Sebagai rakyat Indonesia, para penambang juga tentu punya hak untuk hidup sejahtera dan bermartabat. Namun hal itu tidaklah semudah yang dibayangkan. Tidak semudah para pemangku kepentingan mengetok palu, ketika mengesahkan Undang-Undang dan Peraturan.

Fakta yang tidak terbantahkan. Regulasi di sektor pertambangan yang berlaku saat ini, tidak satupun yang berpihak kepada kepentingan rakyat kecil. Regulasi yang sejatinya untuk menyelamatkan kekayaan sumberdaya alam dan mensejahterakan rakyat, malah berbalik menyengsarakan, terkhusus para penambang timah dan mineral ikutannya.
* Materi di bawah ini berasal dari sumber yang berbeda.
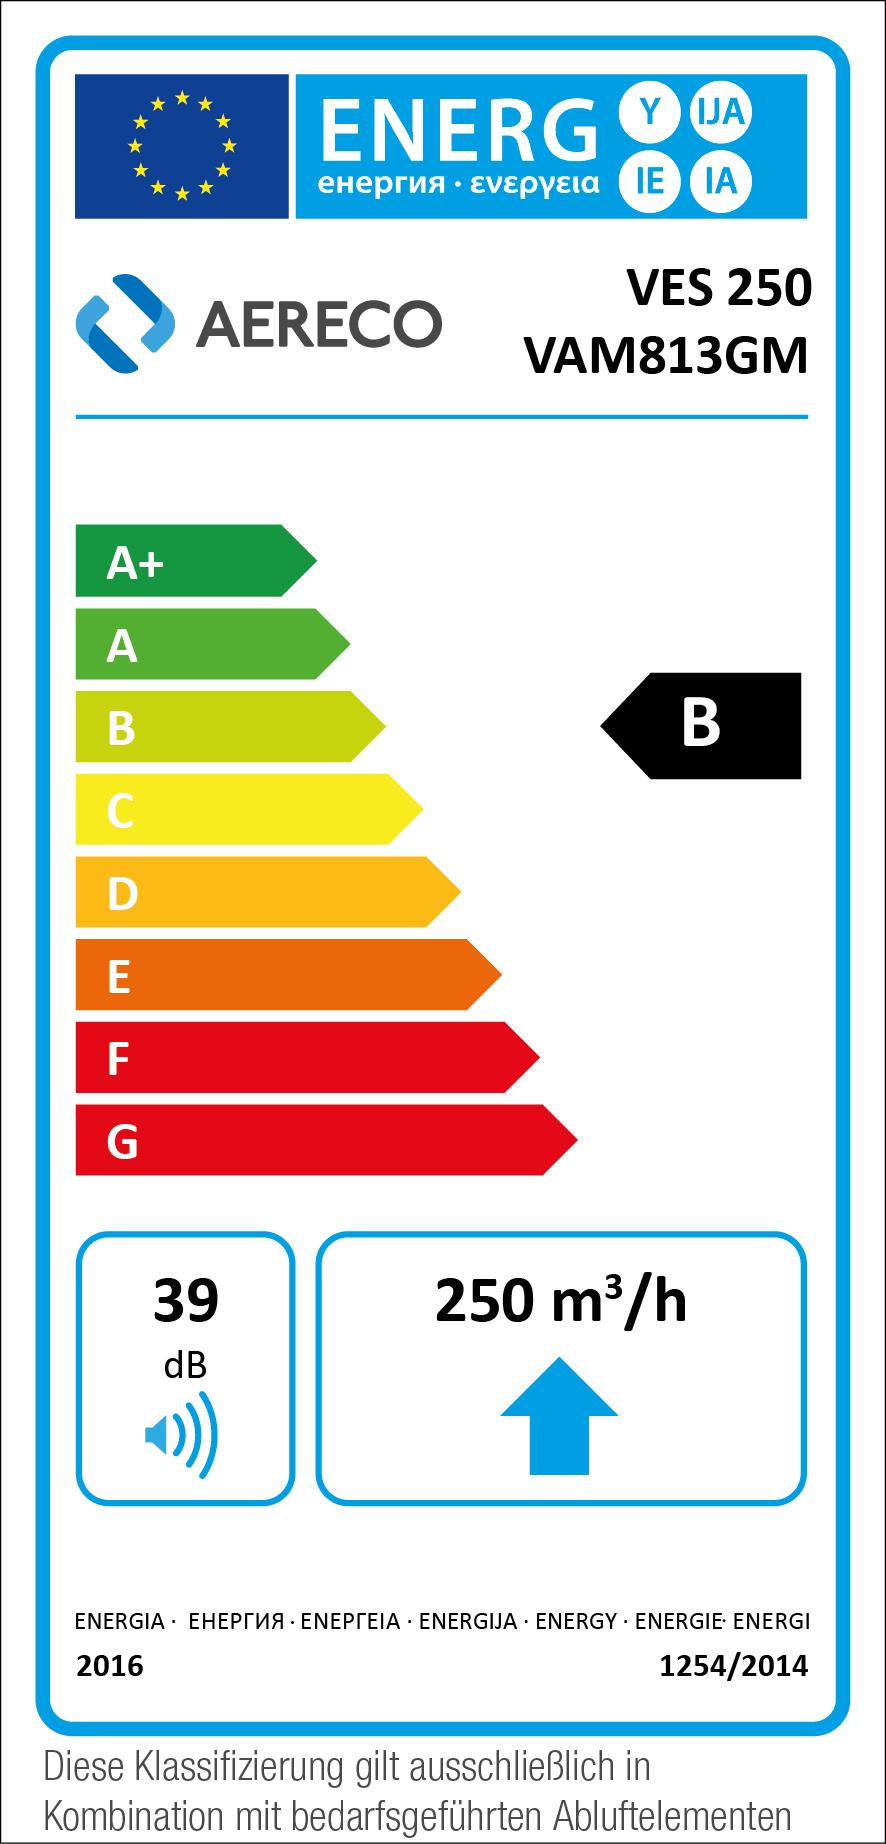 Energielabel VES 250 Lüftungsgerät

Ketatnya peraturan, dan sulitnya mendapatkan legalitas, menyebabkan penambangan timah secara ilegal takkan pernah berakhir. Di satu sisi rakyat butuh makan, di sisi lain aturan hukum wajib ditegakkan. Haruskah rakyat disalahkan? Layakkah para penambang timah ilegal itu dihukum?

Penambang timah ilegal itu semakin sengsara, ketika penguasa tanpa pangkat alias preman kampung bermunculan. Mereka menjadi penguasa sekaligus regulator di “kampungnya” sendiri.
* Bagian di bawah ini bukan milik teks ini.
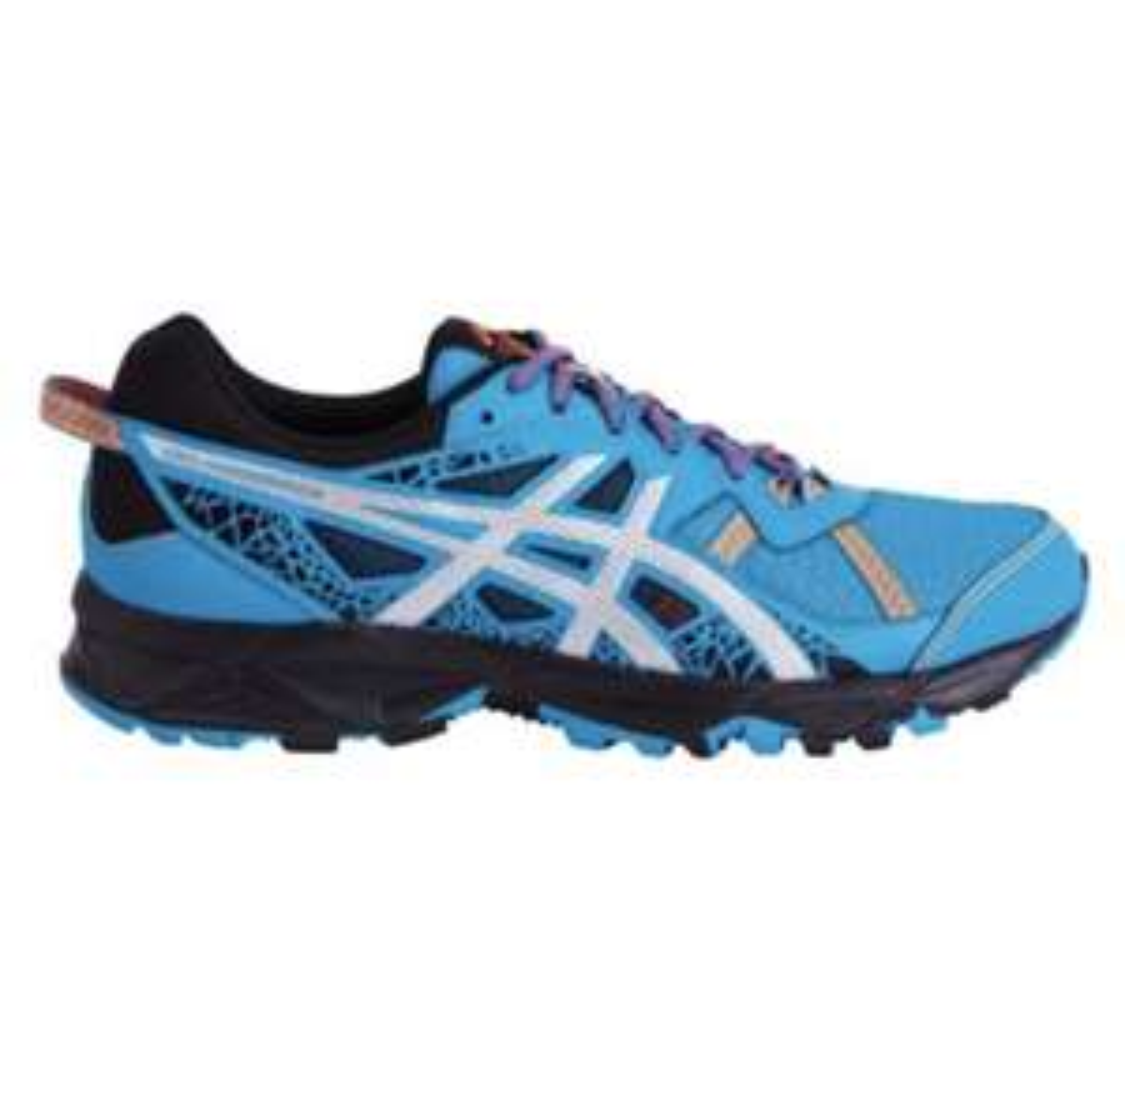 Tailles Gel 3plusieurs Kanaku Trail Chaussures De Mixtes Asics lcK1JTF

Dengan pongahnya, penguasa tanpa pangkat itu membuat aturan sendiri, sebagai alasan mereka untuk menguasai lokasi-lokasi tambang yang masih potensial. Dengan aturan yang mereka buat sendiri itu, kemudian mengambil pungutan gono-gini dari penambang. Siapapun yang ingin menambang timah di wilayah “kekuasaan” mereka, wajib mengikuti aturan yang dibuat oleh penguasa setempat.

Sebagai contoh, penambang wajib membayar uang masuk atau uang muka. Belum lagi pemotongan dari harga jual timahnya, ditambah seabreg-abreg pungutan gono-gini, semakin menambah sengsara para penambang.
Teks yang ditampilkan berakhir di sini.